Sunday, June 26, 2016

Sunday Reading 6/26/2016: Women and Money

Olivia Palermo carrying a Birkin

Alas, I'm proving unable to maintain these posts as a weekly feature. I'm finding that I have a propensity for serious topics, which require a fair bit of thought and editing time before I'm ready to post. Thus, these will be a "Sunday Reading" thing, on an irregular schedule, especially now that I'm back to posting more regularly throughout the week. I have a few posts lined up for the near future, and I hope that these will continue to be interesting and inspire discussion!

One aspect of sexism is that hobbies associated with women are seen as frivolous, and (if expensive) extravagant. We see this with in discourse about makeup and fashion. When people hear about, say, Hermรจs Birkins, the inevitable reaction is sneering at how insane it is for there to be handbags that cost that much and extravagantly wasteful and out of touch women who buy them. Never mind that a small category of the highest-end designer products are "investments" in the sense of having a positive rate of return. In the case of the Birkin, that rate of return even rivals that of the S&P 500. Many designer products hold their value pretty well in the resale market, possibly better (with less depreciation) than, say, cars or electronics. I, like many other young professionals, cannot currently dream of shopping for that type of product... ever, really, but there is some financial rationale there, or, at least, some valid financial post-hoc justification for it.

That's a roundabout way of getting to today's topic, a meandering discussion of a few things related to the theme of "women and money." I don't think I'm imagining it when I say there's a general stereotype in American culture that women are bigger spenders and consumers than men. Sexism plays a role: even as society places high expectations on women in terms of their dress and grooming, it decries women for their extravagance when they follow those expectations. (Male politicians being criticized for the price of what they wear is almost unthinkable in contemporary American society, I think.)

I'd like to share one blog entry that touches on that paradox, where women are simultaneously expected to and even obligated to spend more on certain things while also being seen as inherently less frugal or less good with money. That blog, Frugalwoods, is in the "financial independence" genre. Financial independence (distinct from financial self-sufficiency) is, on a basic level, the philosophy of saving (and investing) as rapidly as possible so that, upon retirement, one can live indefinitely off of investment returns without touching the principle invested. A yearly withdrawal rate of up to 4% is potentially safe, taking into account average market returns over time, so $1 million could theoretically support a lifestyle costing $40,000/year. Mr. Money Mustache is the most famous proponent. There's often a large frugality component, which facilitates a sky-high savings rate and needing less upon retirement. The goal is often to retire early so one can spend their time doing what's important to them. Financial independence in that sense is not my goal (too much future uncertainty makes the required math difficult), but I read about it for inspiration for increasing my savings rate now because the years I spend in biglaw will likely be the highest-earning in my life. The Frugalwoods lifestyle is, of course, extremely different from the one I choose, but it's fascinating food for thought.

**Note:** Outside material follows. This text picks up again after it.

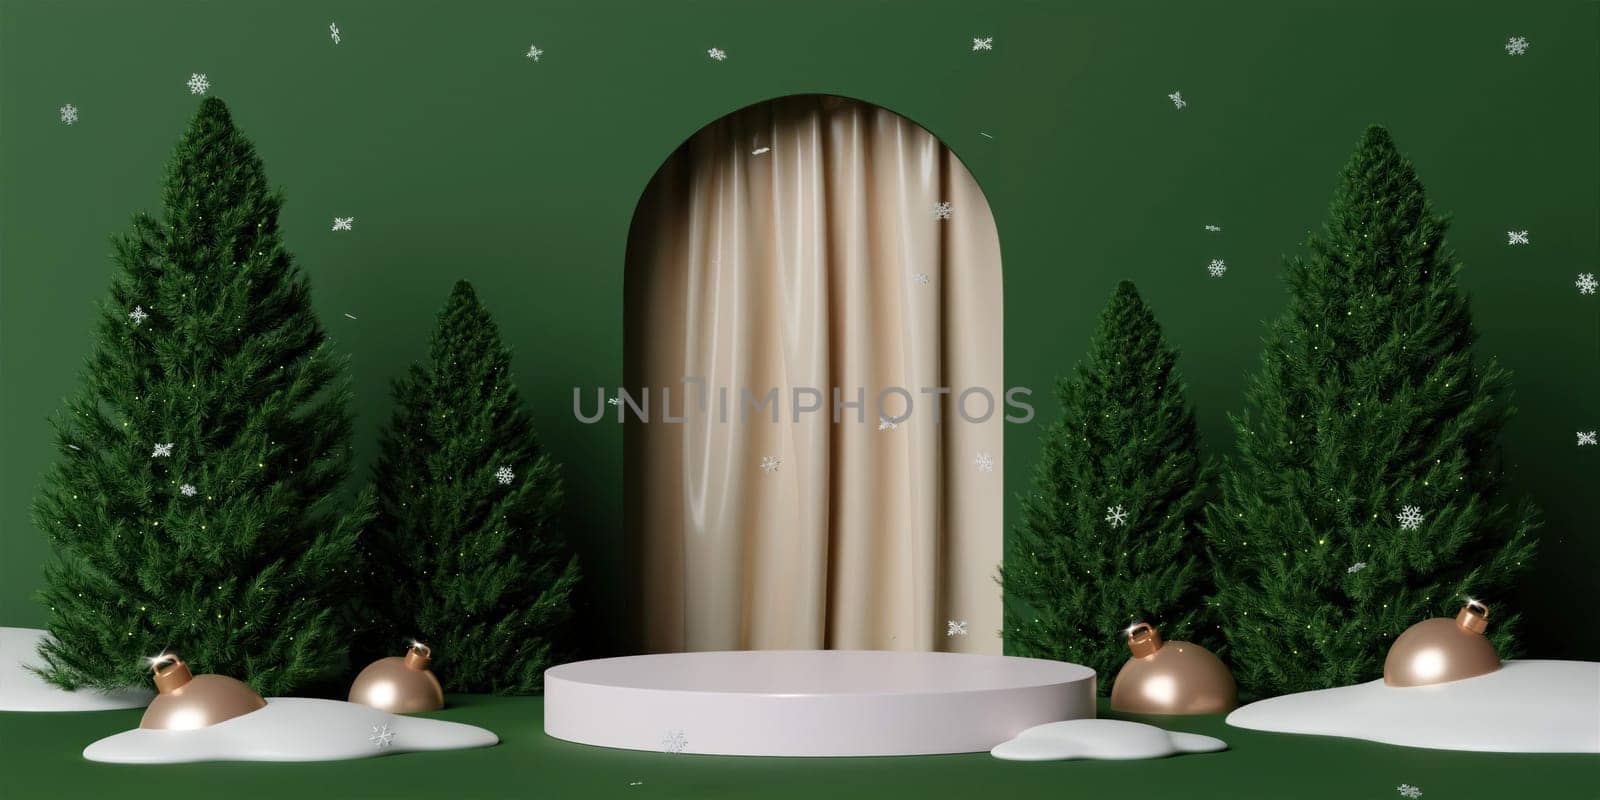 3d Christmas tree podium. Realistic 3d with design stage podium. Decorative festive elements glass bauble balls. Xmas holiday template podium..

Less potentially controversial is the point that all women, and all people in general, benefit from having an emergency fund or "fuck off fund." It's a basic enough point, but important. I have been fortunate that I've yet to need to dip in to my fairly robust emergency fund (6 months basic living expenses), but the point is that it's there, and it makes the significant pay cut during my clerkship relatively stress-free. My future co-clerks and I were asked to start a month or two earlier than expected, which throws off various financial calculations (fewer biglaw paychecks, more clerk paychecks at the lower "new graduate" salary before I'm "promoted" to the "one-year experience" salary). I decided take the leap with an one month earlier start date, and my emergency fund facilitated it.

Finally, because I found Equire's "Four Men with Four Very Different Incomes" piece very educational a few weeks ago, I thought I'd share their equivalent piece for women. Unfortunately, I don't think this one's as good: They awkwardly pulled out quotes from the highest-income women to support a point about the "pay gap," except that the interview subjects in question reported that they specifically did not see themselves as victims of a gender-based pay gap. The first saw herself as a businesswoman whose income naturally fluctuates based on her own efforts, while the second chose to go part time in her day job as a doctor to care for her children, which accounts for her reduced income there, relative to people who do it full-time (she's also a real-estate investor on the side). I'm obviously in favor of vocal criticism of all aspects of sexism at the workplace, this was just an awkward article to attempt it in.

Do you ever encounter negative gender stereotypes about women and personal finance in your own life? Do you worry about a gender-based pay gap in your field?